Clemen (1989)的研究表明,在许多情况下,只需对不同预测方法的预测结果进行平均就可以显著提高预测精度,并达到甚至超过单个最优模型的效果。
以下图正是说明(combination)组合的结果接近最优的单个模型。
图来源于(Forecasting: Principles and Practice)
所以下文给出回归模型几种简单的(融合)组合方法。
首先,我们导入库并定义几种损失函数
import numpy as np
import pandas as pd
from sklearn.linear_model import Lasso
from sklearn.linear_model import LassoCV
class Loss_func(object):
def __init__(self):
self.y_true = y_true
self.y_pred = y_pred
def mae(y_true, y_pred):
return np.mean(np.abs(y_true - y_pred))
def mape(y_true, y_pred):
return np.mean(np.abs((y_pred - y_true) / y_true)) * 100
def smape(y_true, y_pred):
return 2.0 * np.mean(np.abs(y_pred - y_true) / (np.abs(y_pred) + np.abs(y_true))) * 100
use_loss = Loss_func.mape
loss_name = getattr(use_loss, '__name__')
"""
features: 为不同模型预测结果
默认真实值为y
"""
多个预测结果直接平均
def simple_avg_forecast(forecast_df):
forecast_df['naive_comb_forecast'] = 0
for fea in features:
forecast_df['naive_comb_forecast'] += forecast_df[fea]

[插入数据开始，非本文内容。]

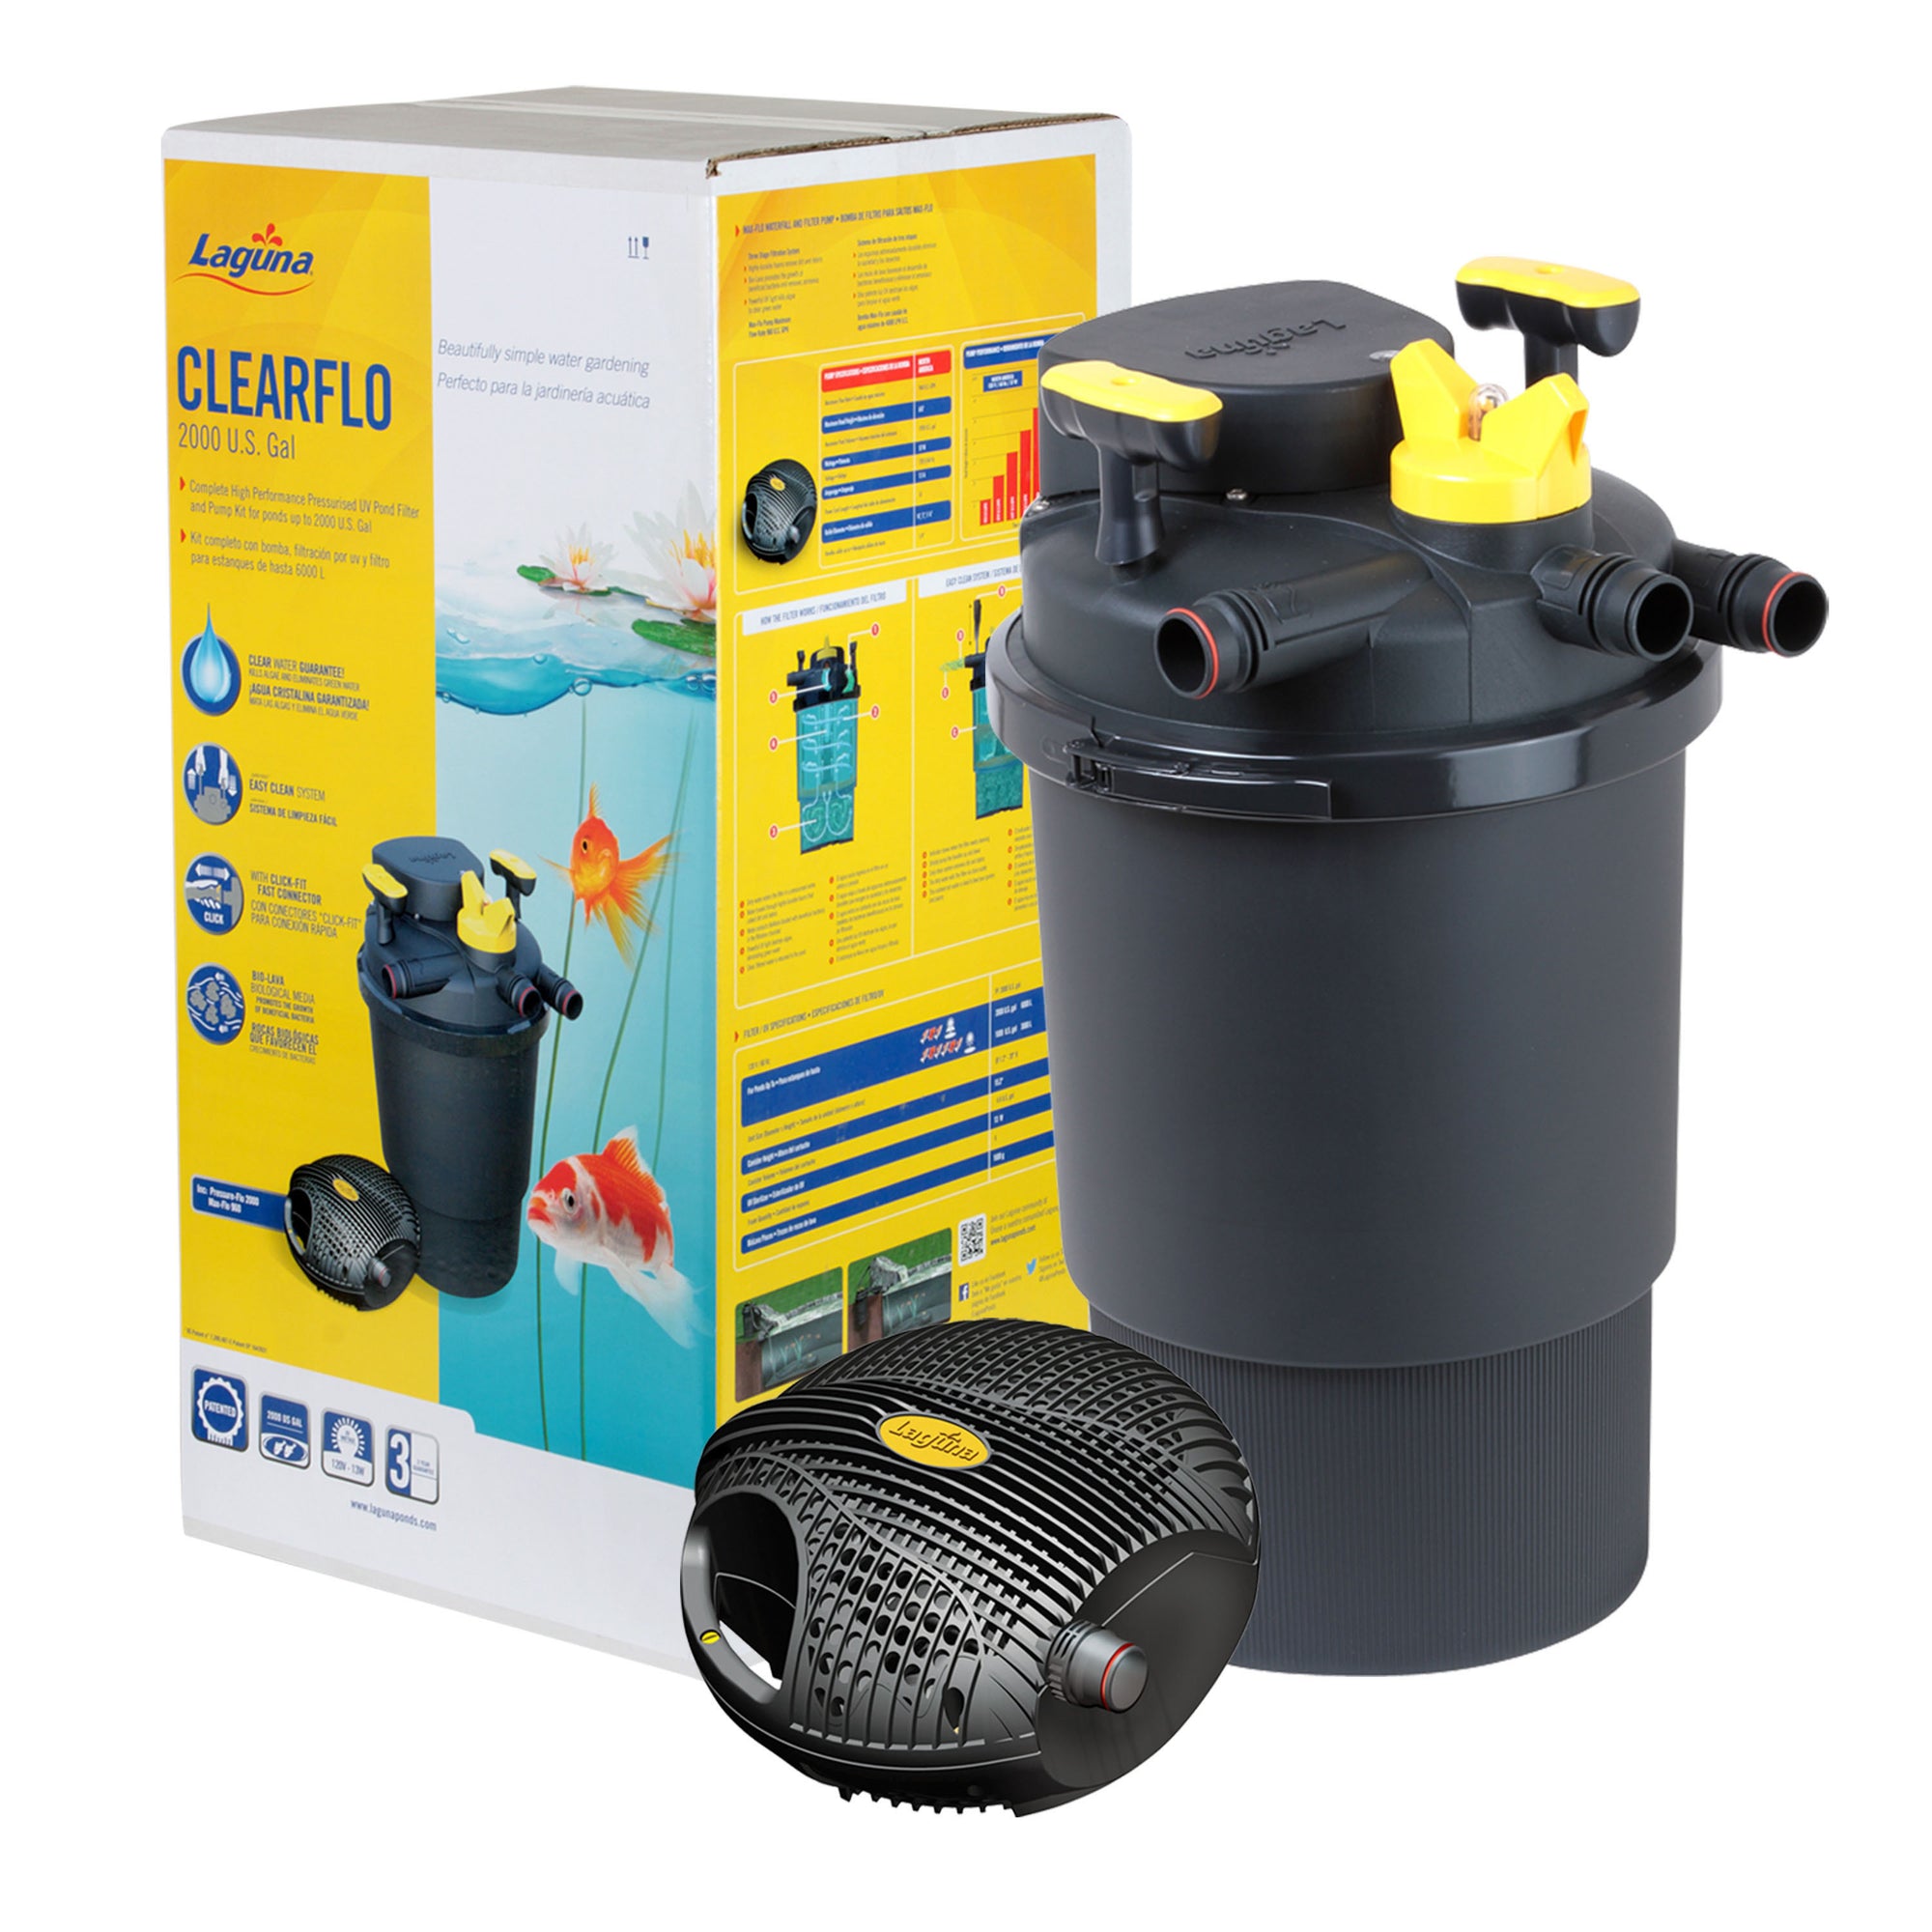 Laguna ClearFlo 2000 Complete Pump, Filter and UV Kit - For ponds up to 2000 US gal (6000 L)

forecast_df['naive_comb_forecast'] = forecast_df['naive_comb_forecast'] / len(features)
return forecast_df
依据误差系数取每个模型结果相应的权重,做加权平均,这里的误差函数可以使用上面定义好的几种之一 ,也可以自定义。在时序预测领域 使用的频率最高至于几种损失函数的选择又是另外一篇文章中的总结了。
def weight_avg_forecast(forecast_df):
forecast_df['{}_sum'.format(loss_name)] = 0
forecast_df['{}_max'.format(loss_name)] = 0
for fea in features:
forecast_df["{}_{}".format(fea, loss_name)] = forecast_df.apply(lambda x: use_loss(x['y'], x[fea]), axis=1)
forecast_df["{}_{}".format(fea, loss_name)] = forecast_df["{}_{}".format(fea, loss_name)].apply(
lambda x: 0 if x <= 0 else x)
for fea in features:
forecast_df['{}_max'.format(loss_name)] = forecast_df.apply(
lambda x: max(x['{}_max'.format(loss_name)], x["{}_{}".format(fea, loss_name)]), axis=1)
for fea in features:
forecast_df['{}_sum'.format(loss_name)] += forecast_df['{}_max'.format(loss_name)] - forecast_df[
"{}_{}".format(fea, loss_name)]
for fea in features:
forecast_df["{}_weight_{}".format(fea, loss_name)] = (forecast_df['{}_max'.format(loss_name)] - forecast_df[
"{}_{}".format(fea, loss_name)]) / forecast_df['{}_sum'.format(loss_name)]
forecast_df['weight_avg_forecast'] = 0
for fea in features:
forecast_df['weight_avg_forecast'] += forecast_df["{}_weight_{}".format(fea, loss_name)] * forecast_df[fea]
return forecast_df
计算多个预测结果与真实值的相关系数,归一化相关系数后做加权使用误差度量归一化加权是一种加权方式。
我们也可以使用皮尔逊相关系数,一般情况下 预测值与真实值相关度系数越高 预测越准确。
def corr_comb_forecast(forecast_df):
forecast_df_corr = forecast_df.corr()
df_corr = pd.DataFrame(forecast_df_corr['y'].sort_values(ascending=False)[1:])
print(df_corr)
forecast_df_corr_re = forecast_df_corr.reset_index()
corr_select_fea = forecast_df_corr_re[forecast_df_corr_re['index'] == 'y']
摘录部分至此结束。